DATASET SECTION:
[Start of Attachment]

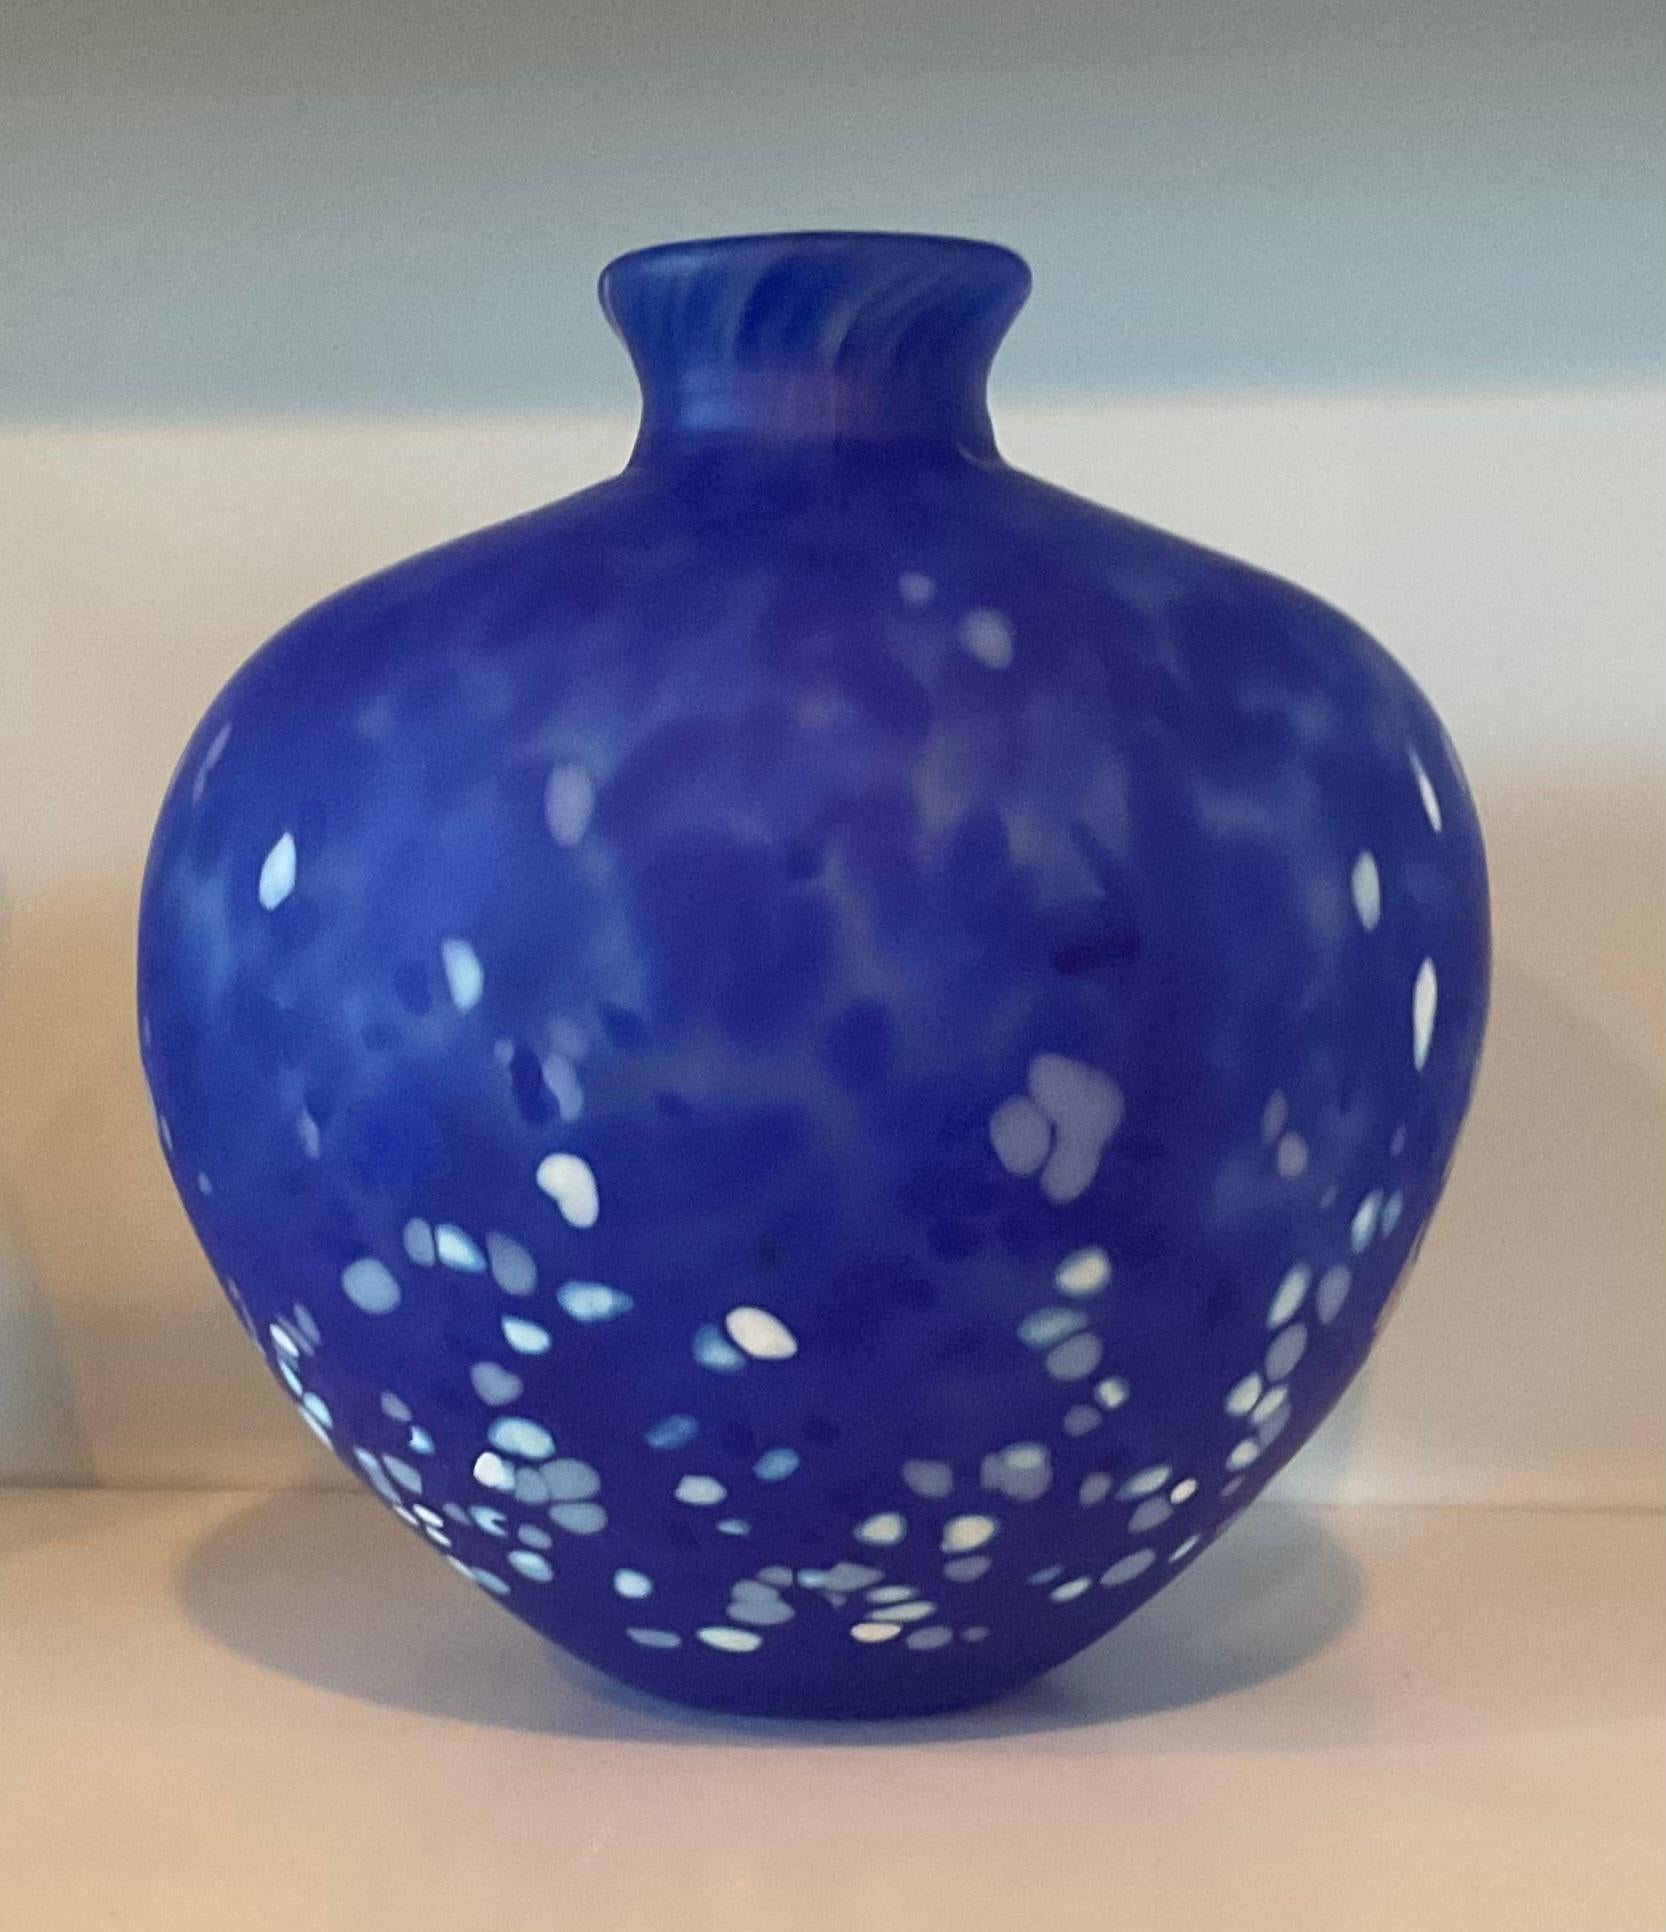 Kyohei Fujita Japanese Studio Glass Vase Signed by the Artist Vibrant Blue 1
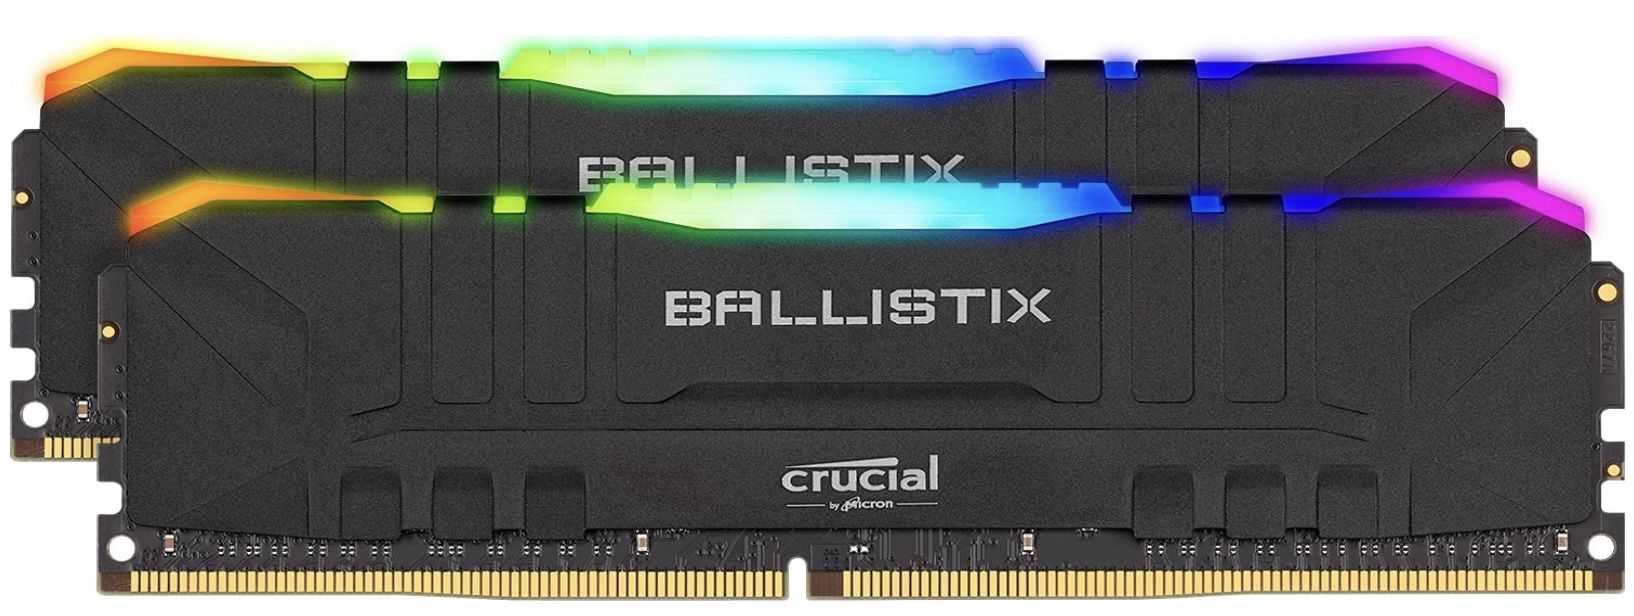 Crucial Ballistix RGB 32GB Kit DDR4 3600 CL16 für 159,90€ (statt 170€)
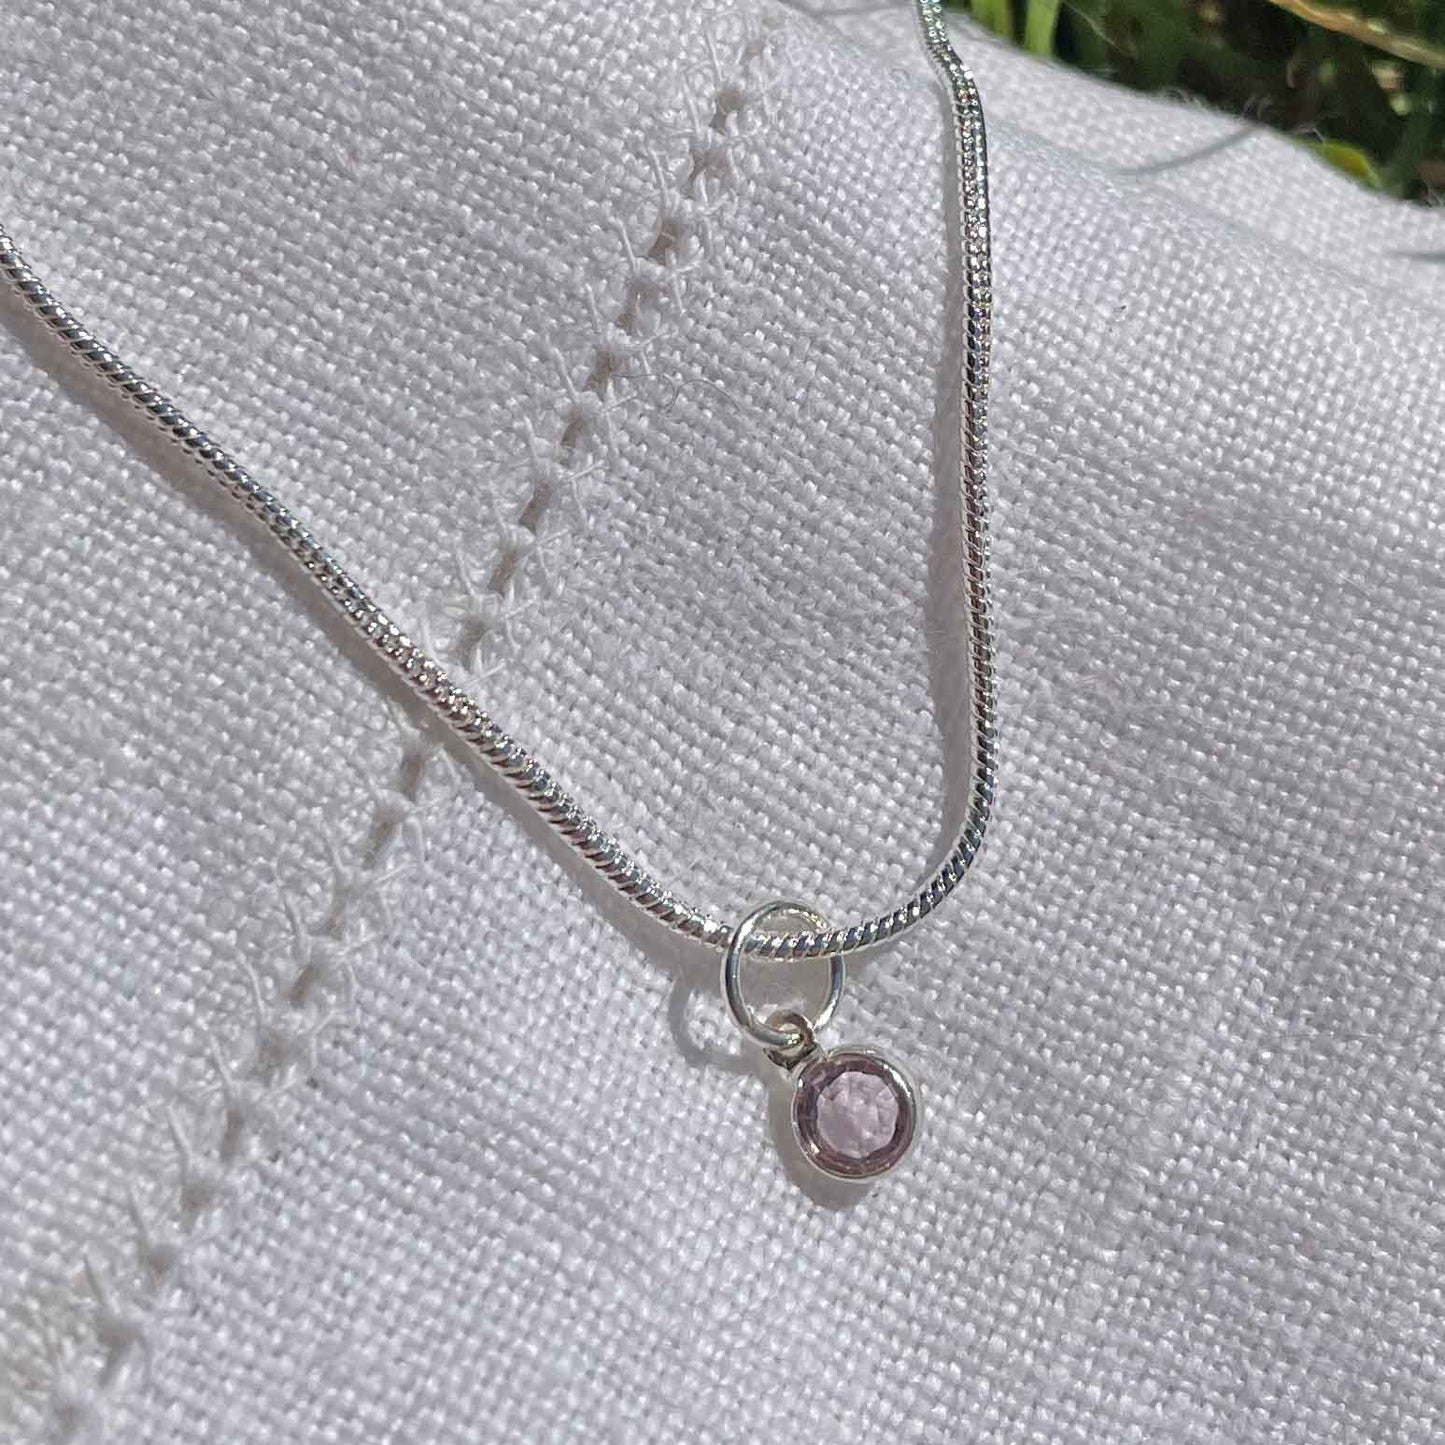 Birthstone Crystal Pendant - Silver Necklace - Welsh Language - June / Light Amethyst

[End of Attachment]

TASK DESCRIPTION:
Starting with the line that holds "Crucial Ballistix RGB", reproduce exactly each line up to and including the last line of the material above, and drop the pictures.

TASK RESULT:
 Crucial Ballistix RGB 32GB Kit DDR4 3600 CL16 für 159,90€ (statt 170€)
 Birthstone Crystal Pendant - Silver Necklace - Welsh Language - June / Light Amethyst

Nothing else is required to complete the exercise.